Stephens removed three of the player's teeth and later the player had a bone graft done. Stephens built him a "flipper," which is a retainer with false teeth on it, until the player could have implants put in a year or so later.

"These guys play through pain," he says. "They're tough."

And so is the man who fixes them. Stephens, who played basketball, football and baseball at East High School and graduated from the University of Utah, went to dental school in Oregon before returning to build his practice in Holladay. When a friend asked him to help out with the Grizzlies, Stephens wouldn't have known a power play from a Broadway play. But over the past eight years, he's become a student of the game, as he's tended the wounds.

Grizzlies coach and general manager Tim Branham says Stephens is as much a part of the club as anyone: "[He's] crucial to the success of our team. Not only is it important during a game to get players back as quick as possible, but also the professionalism in which Brett treats our players is imperative for the comfort of our boys. They need someone they can trust, and Brett does an amazing job."

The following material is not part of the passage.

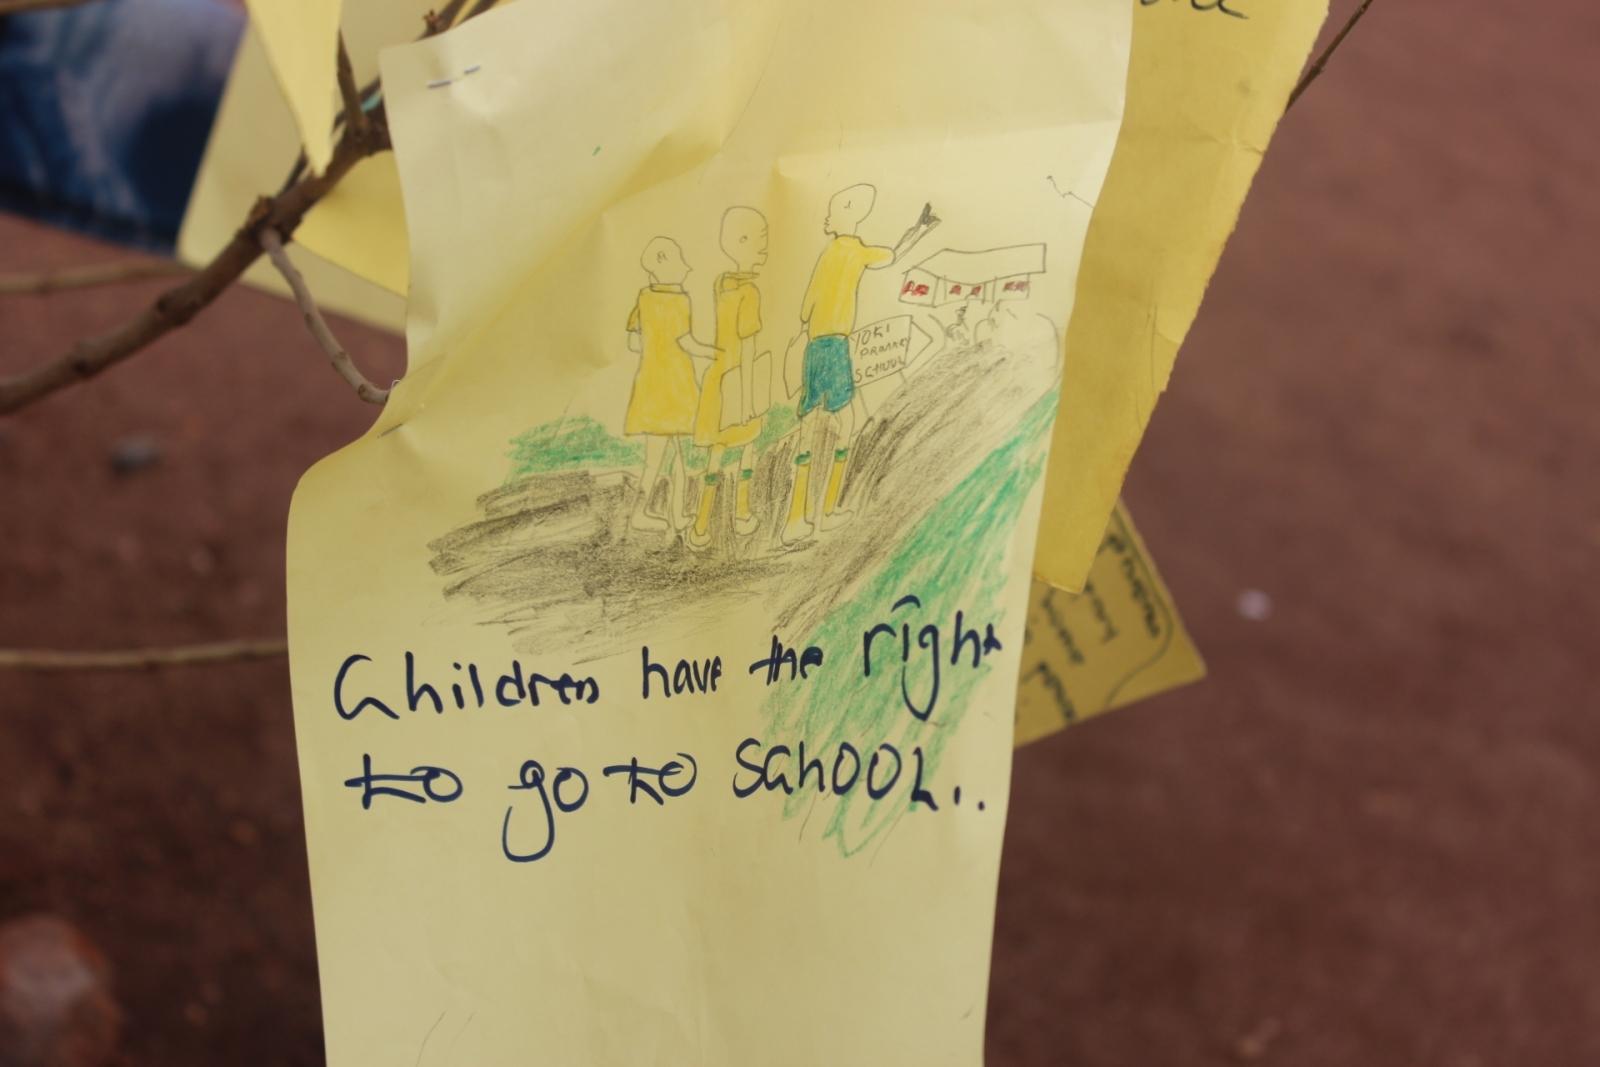 South Sudan children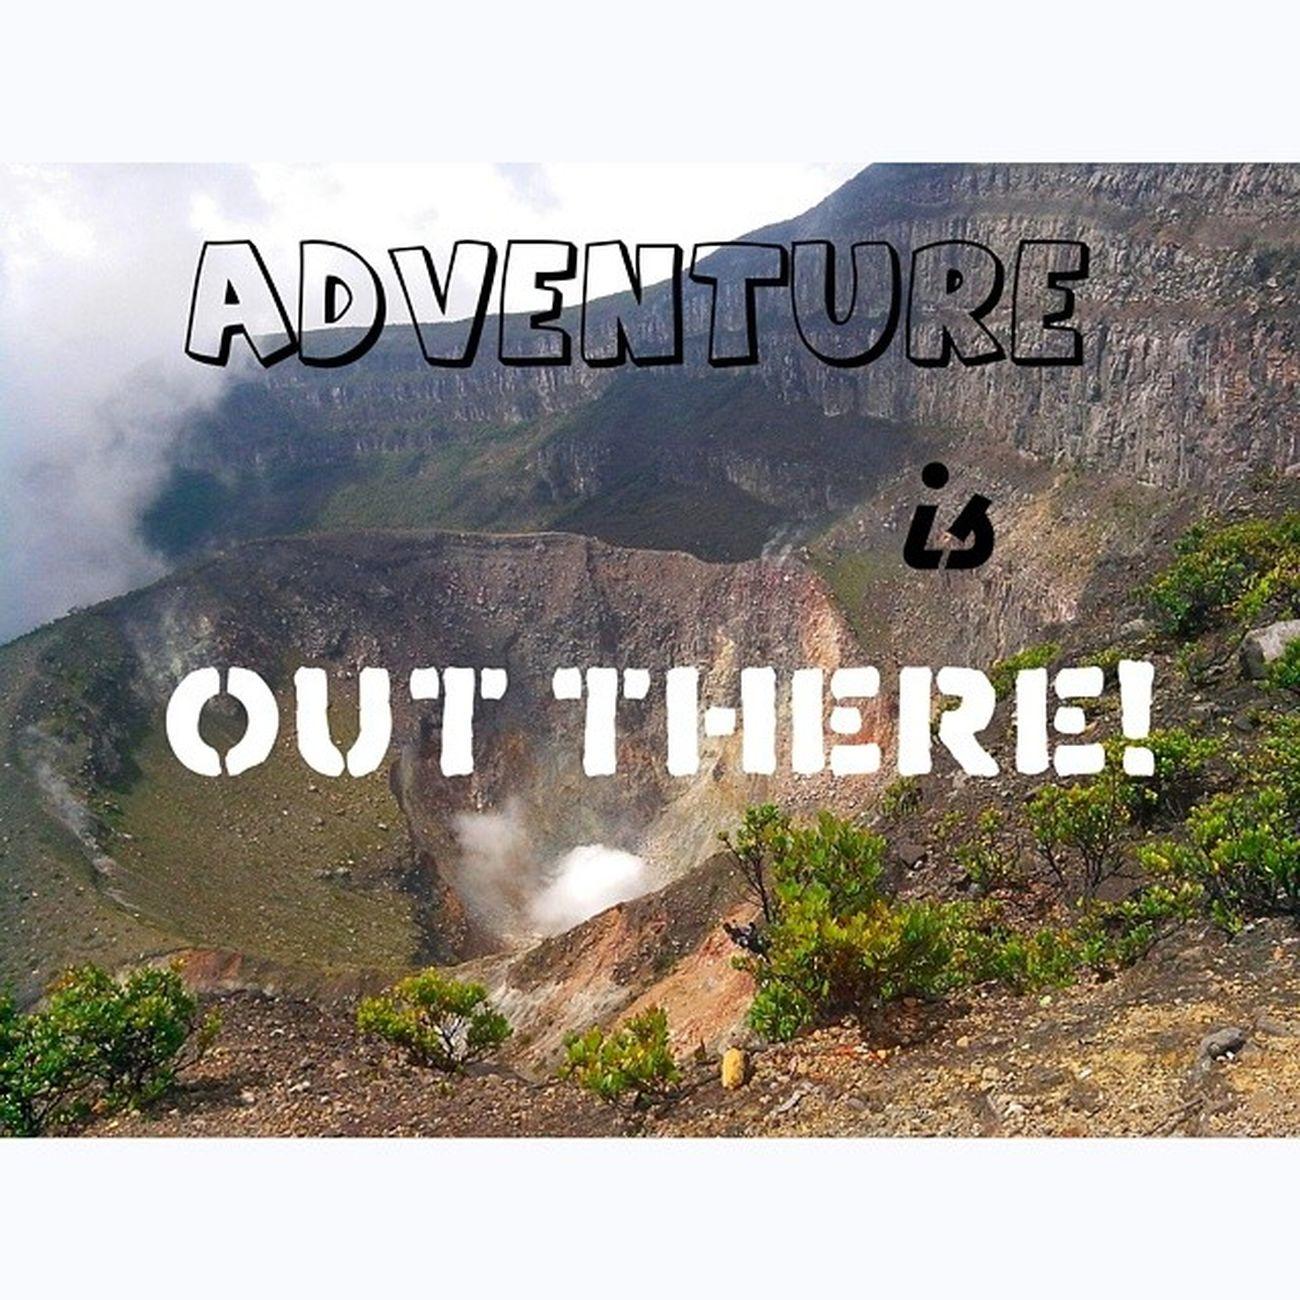 Adventure Quotes Tnggp Instatravel instalike gngede

Stephens signs an annual contract with the Grizzlies, all as he continues his regular practice. Before working with the Grizz, Stephens was the team dentist for Skyline High School football, but that was minimal compared to this.

"Sports dentistry appeals to me," he says. "I feel like I am a part of the team."

He's the MVP of the team when teeth are busted, cuts are opened, and engine parts have to be hauled out of the old Buick.